Another approach (as add-on on advice given here already) is to sign up for some workshops in your country (state). It will bring you to locations you may not know and show you what you can do there as photographer. Get your inspiration like this. Try to choose different subjects (like birding, landscape, long exposures etc.) It is a few times an investment but after that it is easier to locate in your country/state the interesting spots.


----------



## JoeKerslake (Mar 27, 2015)

Cheers guys.

I got lost today, which worked greatly in my favour as I was able to find a spot I wasn't previously aware of. Whether it turns into any nice photographs, we'll see. 

Was using the ephemeris whilst I was there to get an idea of altitudes, as well as sun and moon positions.

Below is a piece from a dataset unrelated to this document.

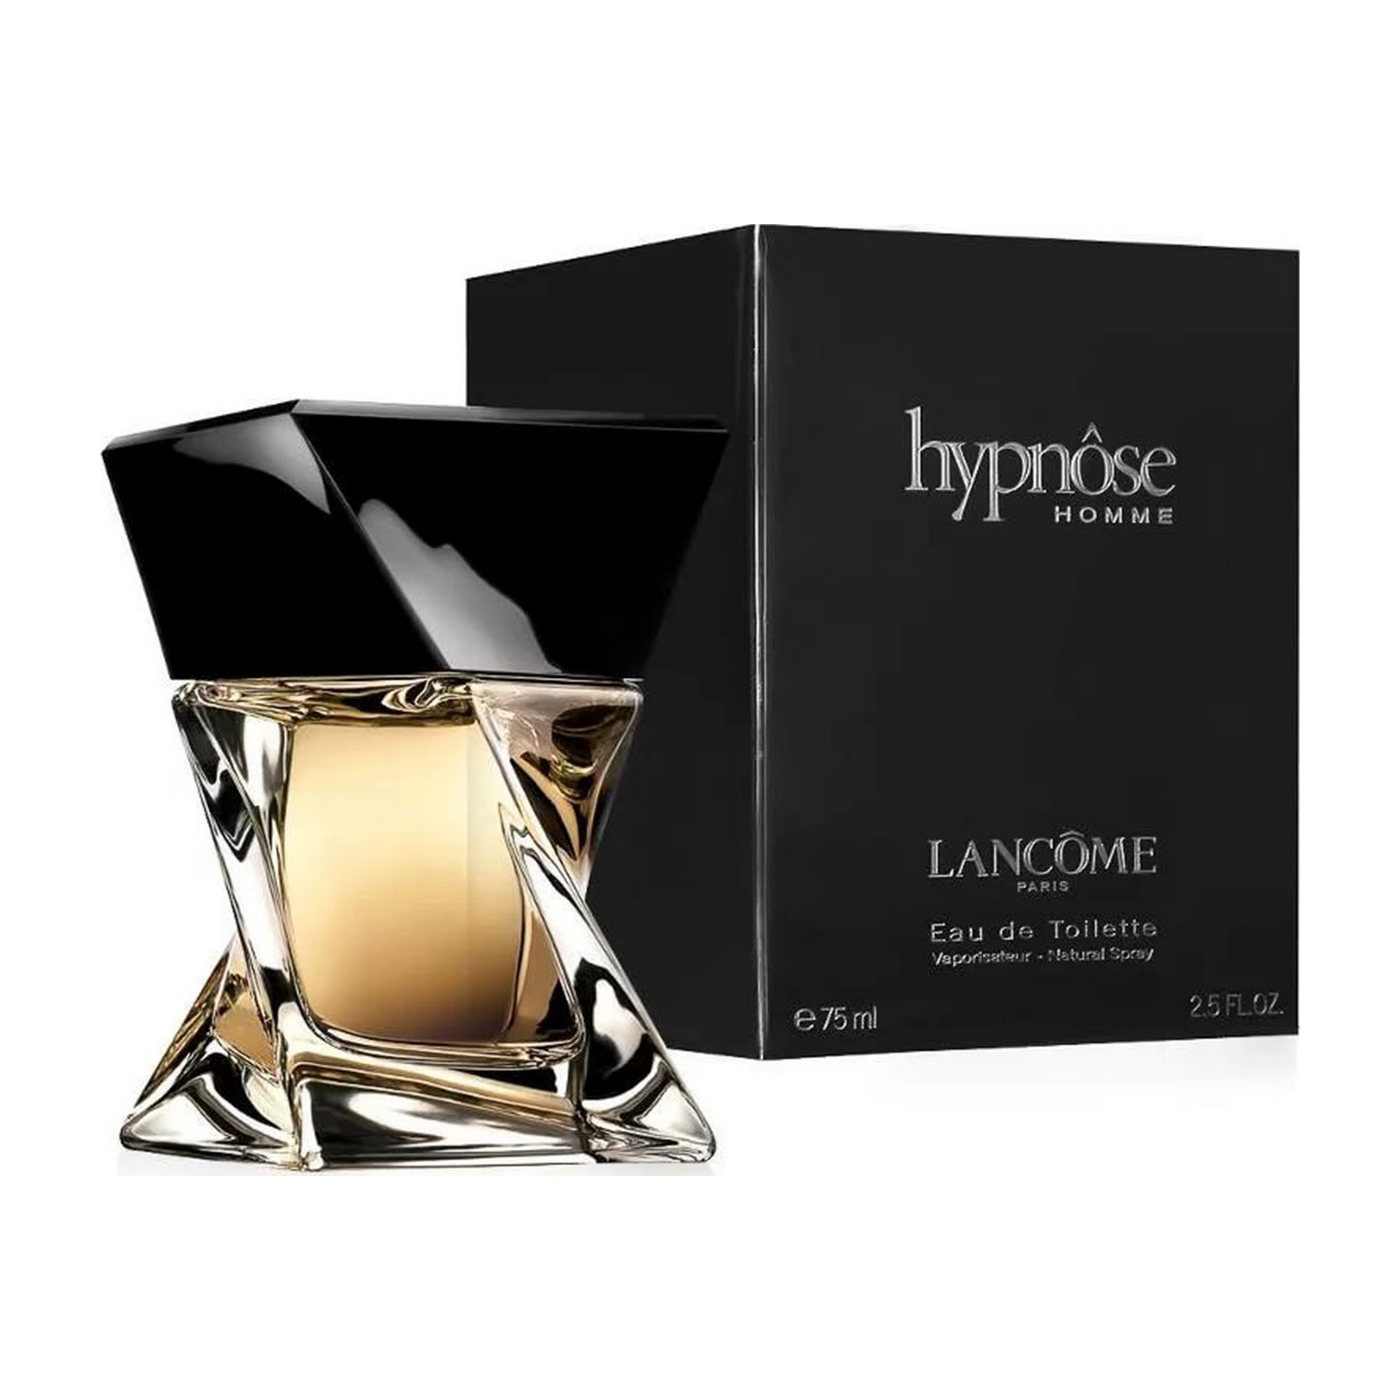 Lancome homme. Lancome Hypnose homme EDT 50ml. Lancome туалетная вода Hypnose homme, 50 мл. Lancome Hypnose 75 мл. Ланком Hypnose homme женское.

I love searching 500px, although a problem I find is once I've seen a few pictures I like, I get set in my mind that I'll just end up recreating them, and get put off visiting entirely!


----------



## lintoni (Mar 28, 2015)

Have you considered joining a local hikers group? You'll get to see more of your local area, and you never know, some members may know of "undiscovered" gems of local landscape features.


----------



## Orangutan (Mar 28, 2015)

Go to your local cycling club and ask the members what locations are so beautiful they stop thinking about how many calories/hour they're burning.


----------



## sanjosedave (Mar 29, 2015)

I use the Stuck in Customs app on my ipad 3.

It uses a Flckr api to pull in images on top of google maps


----------



## AcutancePhotography (Mar 30, 2015)

Orangutan said:


> Go to your local cycling club and ask the members what locations are so beautiful they stop thinking about how many calories/hour they're burning.



That is good advice. One of my tog buddies is an avid cyclist and she finds most of her special locations when she is out cycling.


----------